The deadline plan for last year's annual leave was scheduled for early spring when the epidemic situation improved. Ben was all prepared to be stabbed, but the local customs remained very simple and honest (it's the off-season now).
On the first night of landing, the hotel provided free airport pick-up service. During the off-season, there were less than 300 rooms, which was really great.
The next day, I went to Jiuzhai. The beautiful scenery was accompanied by altitude sickness. The scenery didn't reveal the plot. If you don't have confidence in yourself, bring an oxygen tank.
On the third day, we originally planned to take a chartered car to travel through Huanglong and Muni Valley. We would have fun all the way and just reach the airport, a so-called mini version of Jiuzhai. Later, the cable car was suspended during the off-season, and altitude sickness also left us exhausted. It's really worth having self-awareness. Just ask the chartered car driver to arrange things freely. We were already prepared to be cut, but unexpectedly, it turned out to be the biggest surprise of this trip.
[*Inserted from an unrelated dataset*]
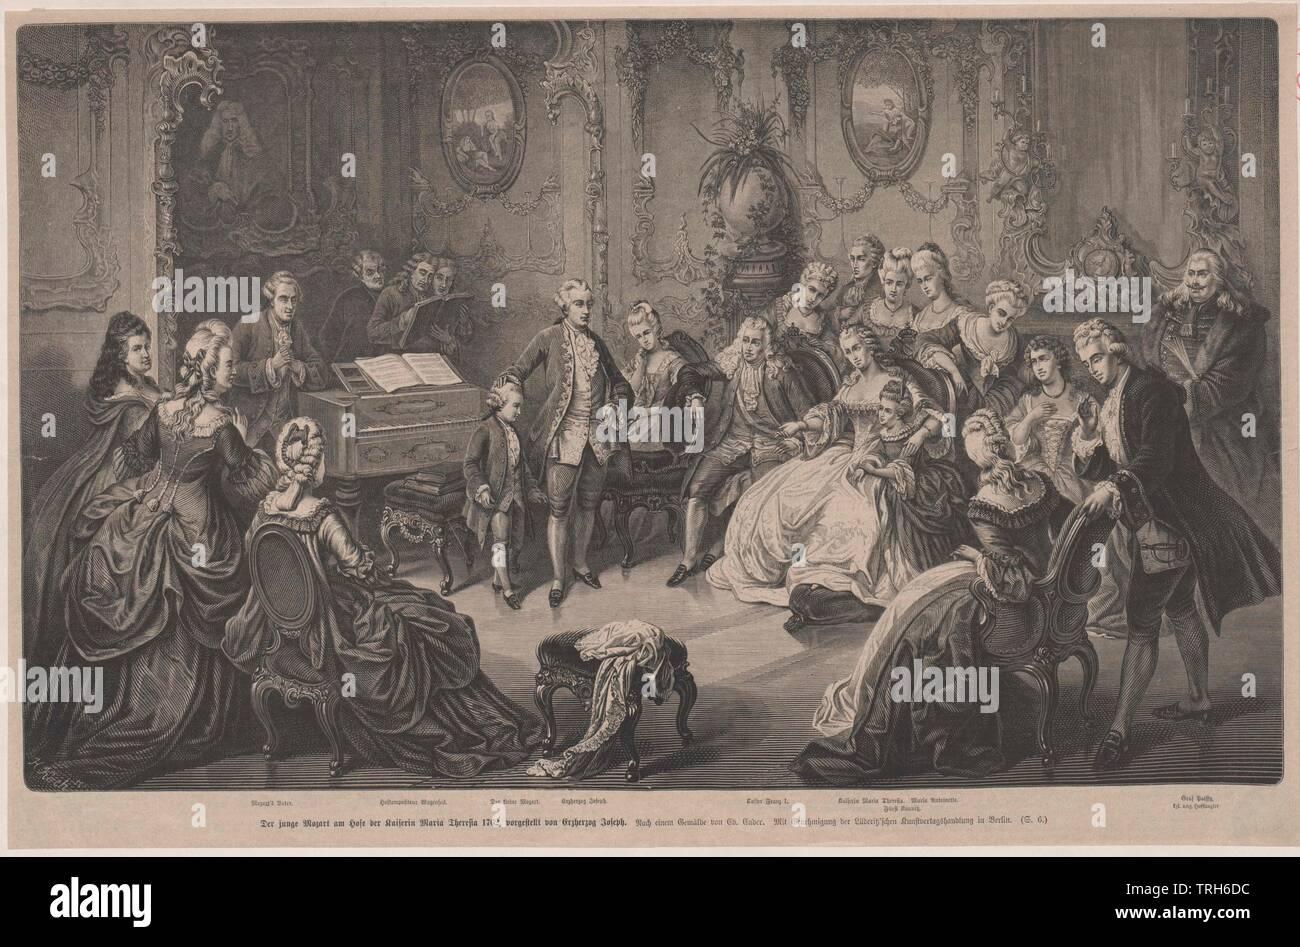 Mozart en Schönbrunn, Mozart de seis años en Schönbrunn, presentó a la pareja imperial por el Archiduque Joseph, el grabado en madera basada en la pintura de Eduard Ender,Foto de grupo, compositor, compositores, cultura, culturas, artista, artistas, músicos, personalidad, celebridades, músico, además, otros, clasicismo vienés, Habsburgo Lorena, Habsburgo - Lorena, de longitud completa, longitud completa, del siglo XVIII, la gente, el archiduque, archiduques, Additional-Rights-Clearance-Info-Not-Available Imagen De Stock

We set off lazily at ten in the morning, visiting the Tibetan village, the source of the Minjiang River, and the Red Army Memorial Hall (the best of the best brought by the closure of the scenic spot).
First, the Tibetan villages are breathtakingly beautiful, with mountain views that far surpass those of Jiuzhai. The simple and well-behaved Tibetan people are there. Horseback riding costs 100 yuan per hour, which is enough for a young lady to get a license plate and pose.
As the memorial hall was closed, I unexpectedly visited the Tibetan sister of the driver to wait for the flight and taste the local butter tea and beef jerky. It was a pleasant surprise. The children at home and the local Tibetan children bowed and played Black Cat Sheriff vs. Ultraman for two hours, exchanging gifts and snacks respectively.